Thread generating parquet for 1 practices: 100%|██| 1/1 [00:00<00:00, 19.69it/s]
INFO:root:Created dataset at ../../data/_built/indexed_datasets/T2D_hypertension/split=test with 0 number of samples
Getting file row counts. This allows the creation of an index to file map, increasing read efficiency: 0it [00:00, ?it/s]
INFO:root:	 Obtained with a total of 0 samples
INFO:root:Processing train split...
Thread generating parquet for 18 practices: 100%|█| 18/18 [00:00<00:00, 32.04it/
INFO:root:Created dataset at ../../data/_built/indexed_datasets/T2D_hypertension/split=train with 0 number of samples
Getting file row counts. This allows the creation of an index to file map, increasing read efficiency: 1it [00

### Meta information

When we generated the pre-trained dataset we created a meta information file. This file contained estimated quantiles, event counts, etc for our full dataset. 

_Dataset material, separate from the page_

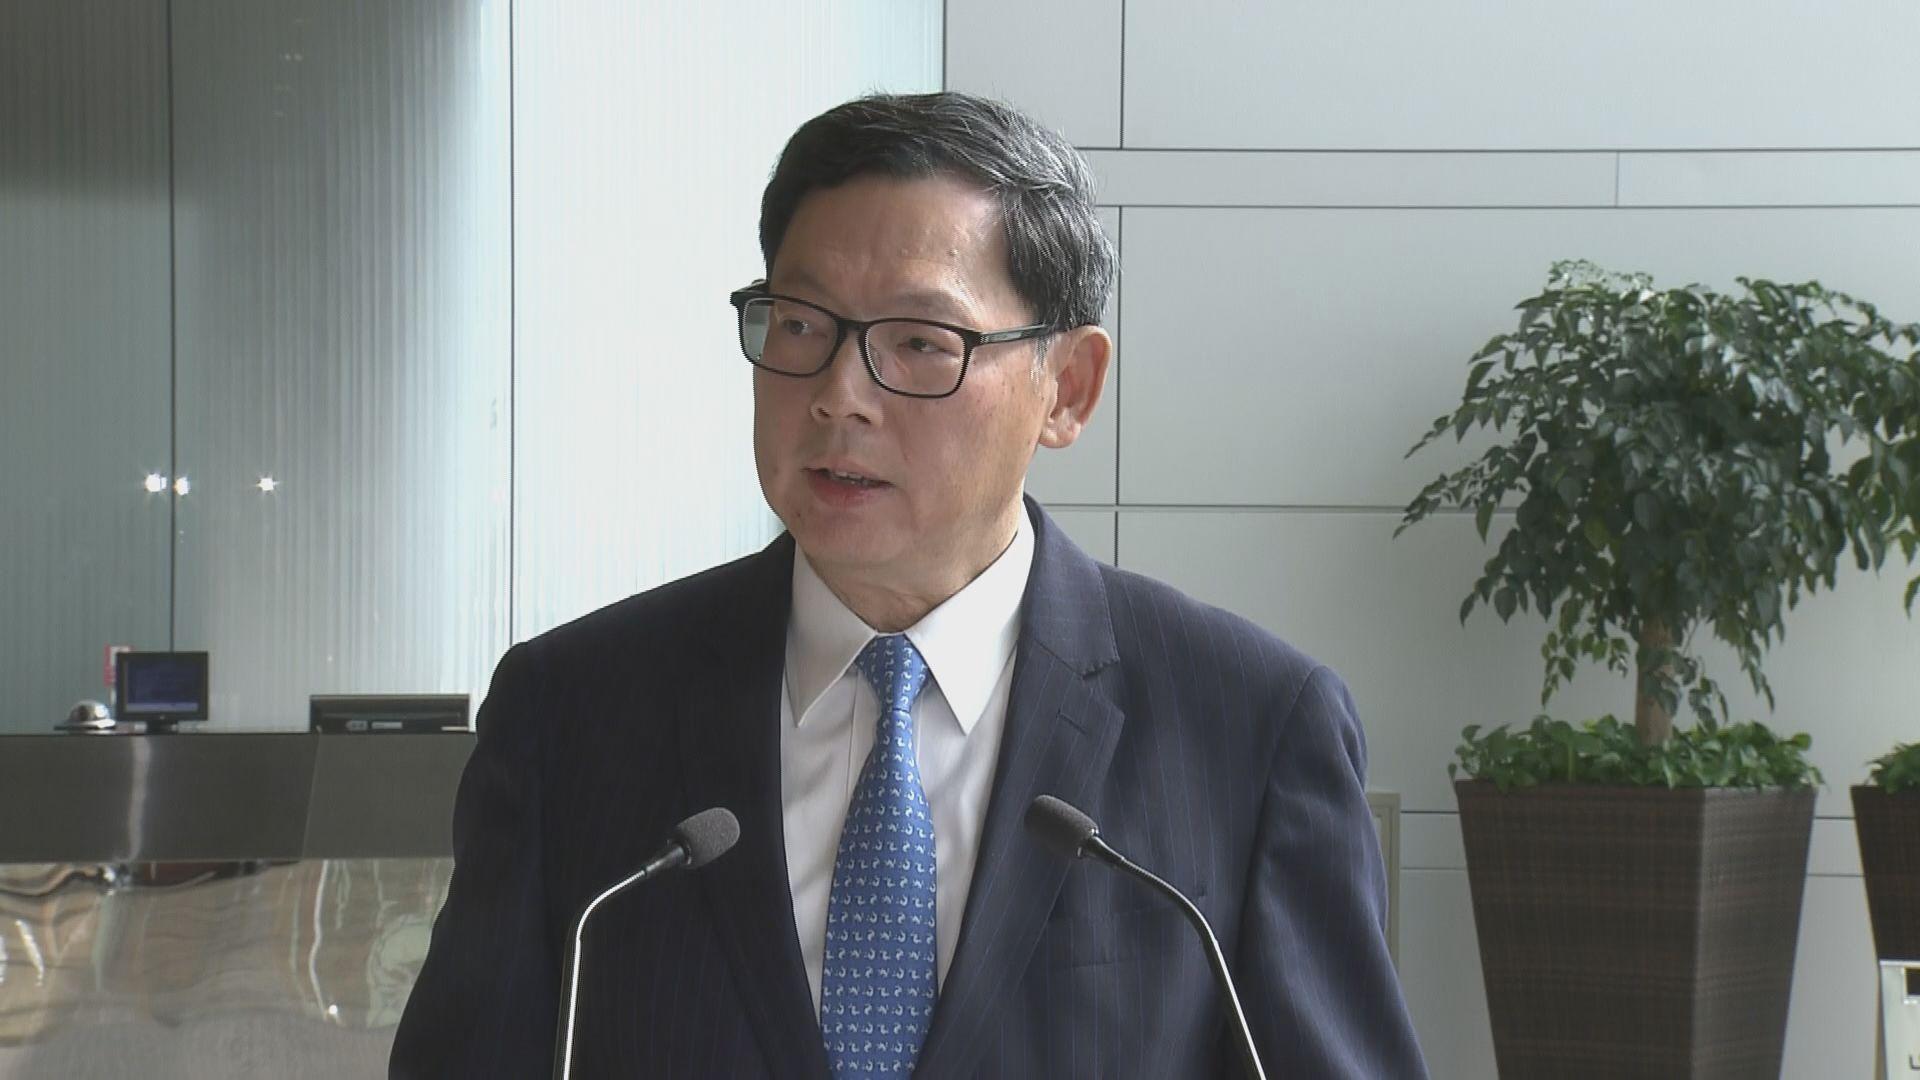 陳德霖:全球經濟情況為港帶來很大不確定性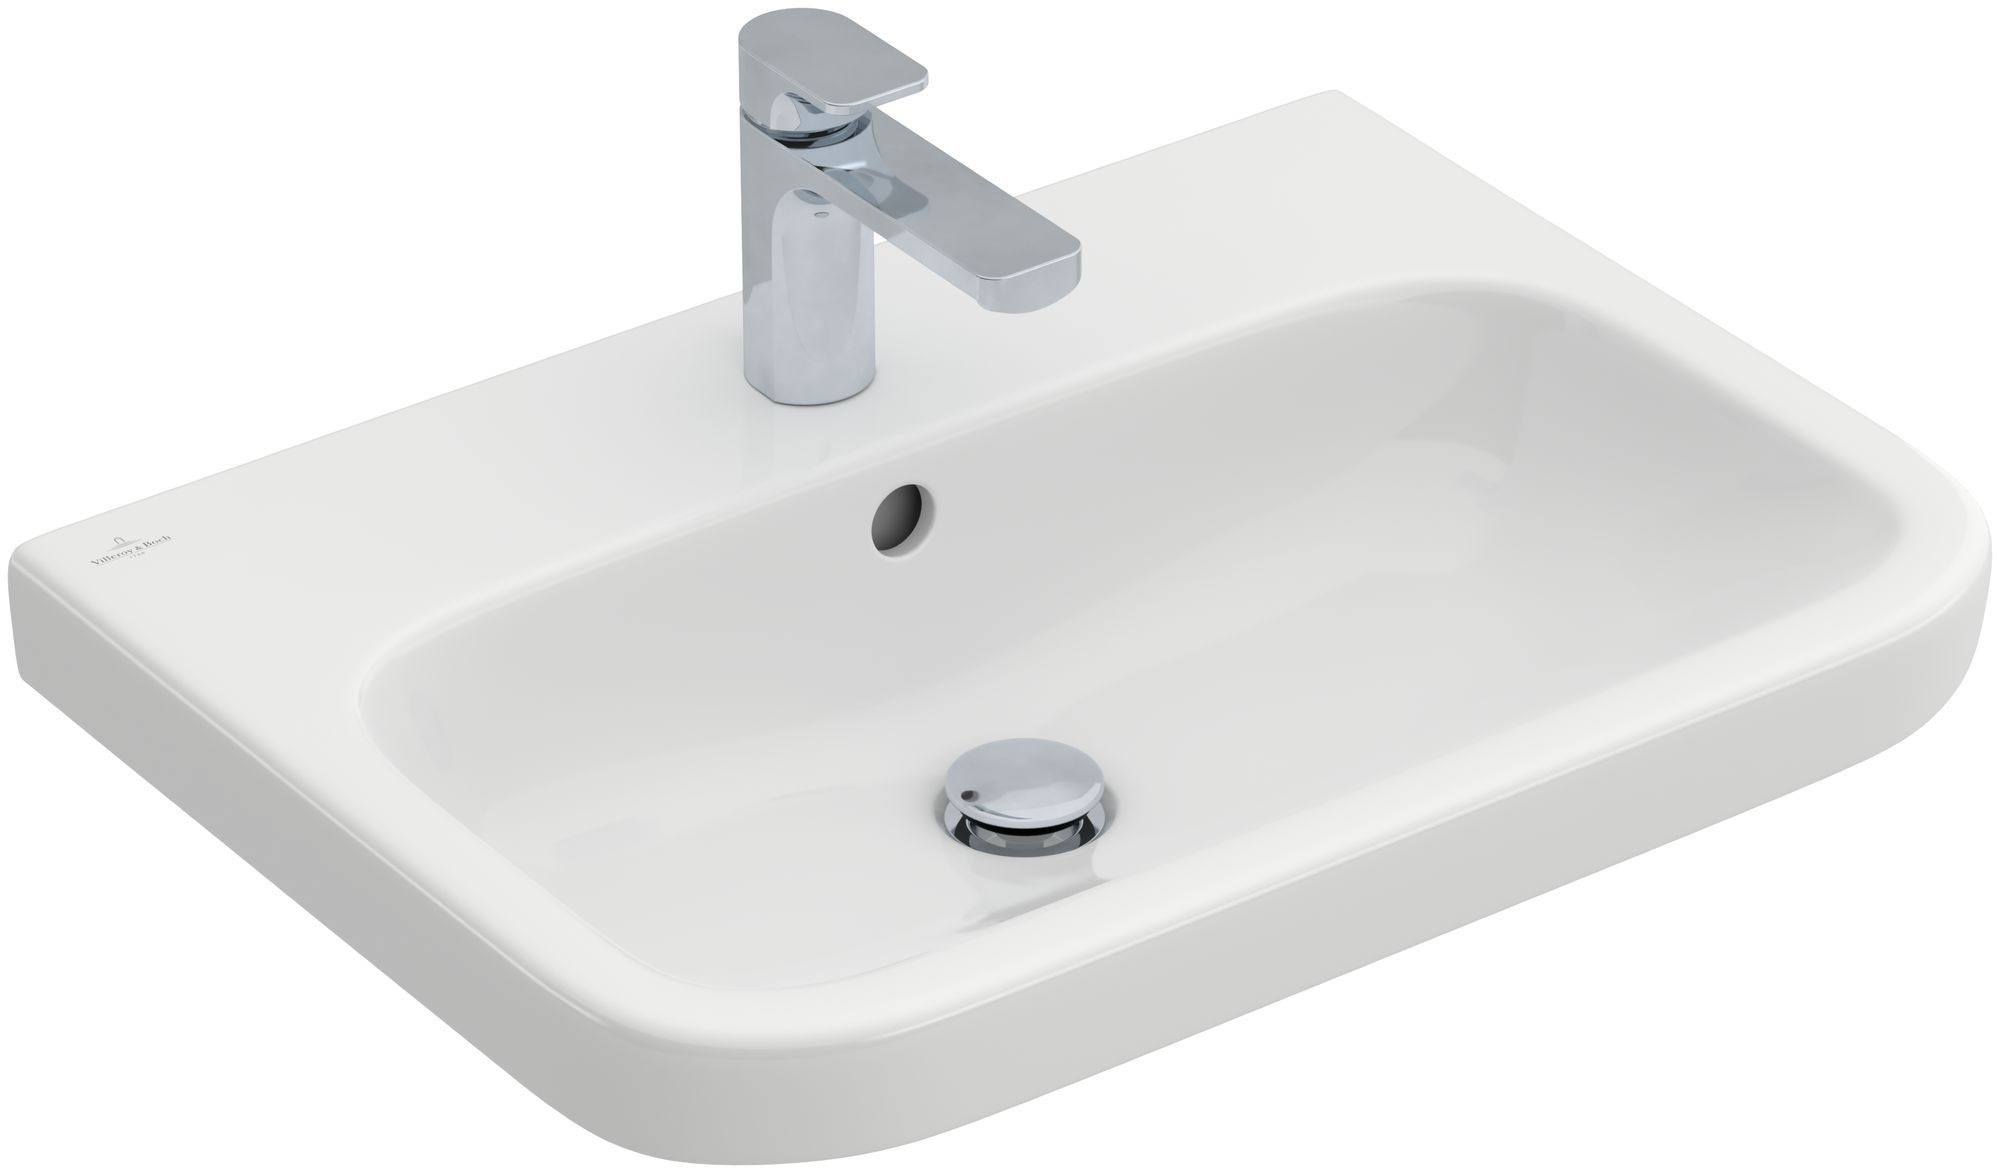 Villeroy & Boch Architectura Waschtisch B:65xT:47cm mit 1 Hahnloch mit Überlauf weiß mit CeramicPlus 418865R1

We can choose to create a new meta_information file here by leaving ``overwrite_meta_information`` blank, or re-use the one we have already. This 
- saves redundant computation, 
- allows us to retain a persistent (e.g. in the case of fine-tuning)
    - standardisation strategy,
    - tokenisation strategy

### Other information on setup

In [4]:
#TODO ADD

## Datasets

We observe that only two sample from our example training set remain. This is because all other samples did not fit the inclusion criteria specified by ``t2d_inclusion_method`` (our example dataset contains only two cases of Type II diabetes).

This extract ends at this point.